In a world where computers are used for virtually all financial and personal transactions, the need to safeguard data is more important than ever. In the Internet age, millions of people are accessing electronic information databases every second. Failure to properly protect sensitive data could open the door to major threats ranging from identity theft to accessing classified information that could potentially harm national security. Security is not the only threat facing data managers. There is also the growing concern for defense against malicious viral attacks and catastrophic data corruption that could easily put a business in a legal bind. While most threats aren't on the level of starting World War III, businesses and individual lives can be devastated by the lack of protection concerning sensitive data. Proper data security techniques can minimize the risk of losing important and private information and should be a top priority.
Due to the importance of data and the often fragmented storage of such, it is vital businesses keep careful account of data and invest in ways to keep business data secure. This often presents a challenge for organizations because if data is breached, corrupted, destroyed or otherwise lost, this can put a company in major jeopardy.
The human element is one of the biggest factors associated with data loss. Human actions account for some of the biggest data loss issues that have occurred. Examples of human actions which harm data are downloading malware, accidental deletes, inaccurate data entries, stolen laptops, lost portable devices and a host of other scenarios.
By taking the time to educate everyone from top to bottom on the importance of protecting data and keeping it secure, people will have a higher degree of awareness and exercise more due care when handling data. Managers should understand they need to terminate access for former employees to ensure no unauthorized entry takes place once employment has been terminated.
Through education and awareness, management can put into place preventative controls to ensure accuracy, integrity and overall security of data. Listed below are some of these controls.
*Establish a Technology Policy
All businesses should develop and distribute a technology policy. At bare minimum employees should be instructed to strengthen passwords, change them semi-frequently and understand proper network and Internet use on company resources.
Once the policy is in place managers should be sure to follow up and enforce it is being followed. They key points addressed in a technology will go a long way in keeping data secure.
*Develop a Business Contingency Plan
While the advantages of business continuity plans are quite obvious, many businesses still do not invest the time, money and resources in developing
a good business continuity plan despite the fact statistics indicate that businesses who suffer a massive interruption or loss of data typically fail within a couple of years if a plan was not in place.
As a strong measure in protecting valuable data managerial decision makers should realize that information security is just an important process as accounting, marketing, sales and other components of a business. While information security does not bring in the revenue, it is the process that ensures the other processes can be completed; if data is lost, then what?
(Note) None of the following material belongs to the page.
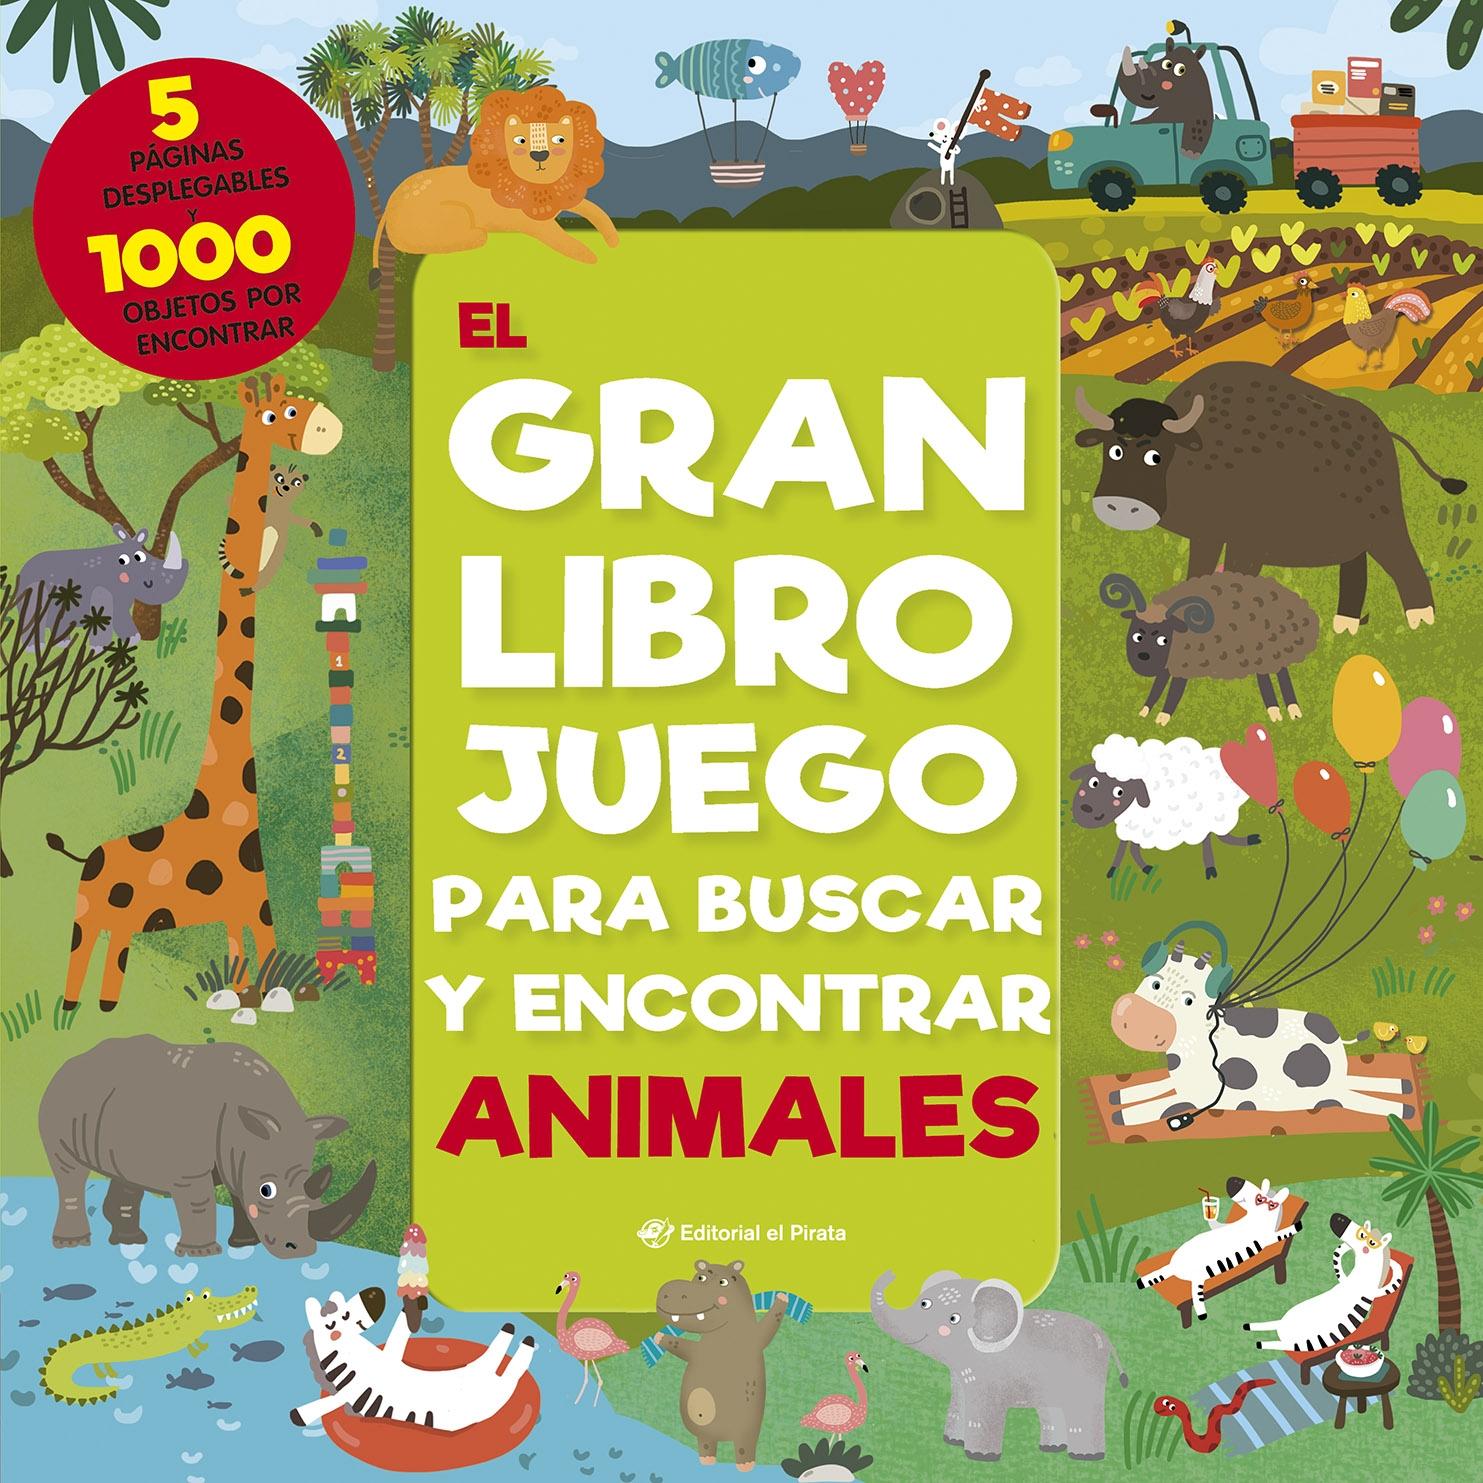 El gran libro juego para buscar y encontrar animales "1000 objetos para buscar y 5 enormes páginas desplegables"

Putting together a good business continuity plan which accounts for data and storage of such is vital.
*Regularly Back-up Data
This is really a part of the business continuity plan, but it important enough to mention on its own too. At the very least companies should invest and plan for good backup of data. This could be through daily, interval or sporadic back-up. The frequency should be determined by an analysis to determine risk and critical level of information.
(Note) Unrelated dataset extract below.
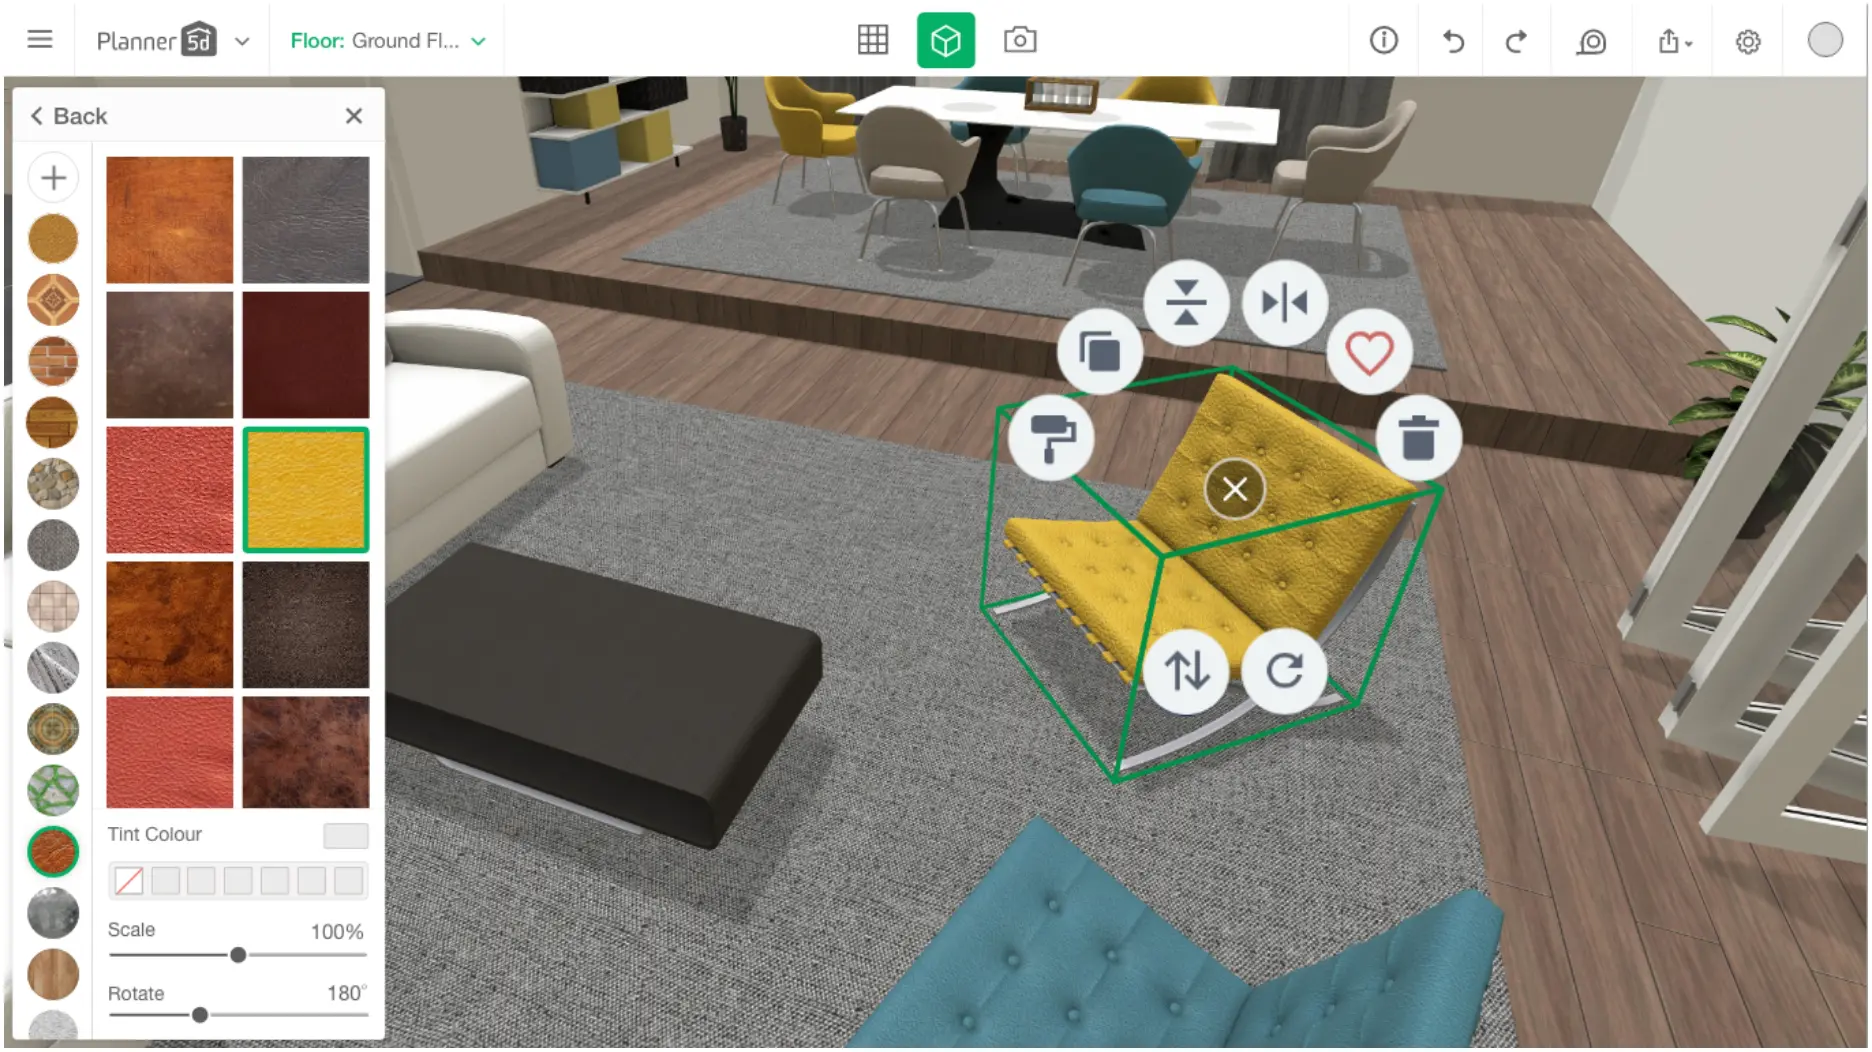 Construir casa 3D - juego gratis online

Transactions such as financial ones, reservations and other timely activities should be backed up frequently; other data such as employee data can afford to be backed up less frequently.
As another proactive measure to keep business data safe companies would be wise to invest in a good firewall and an anti-virus program; also to keep these software programs updated. While software alone cannot protect data as it takes a combination of software, human action and planning, it does help.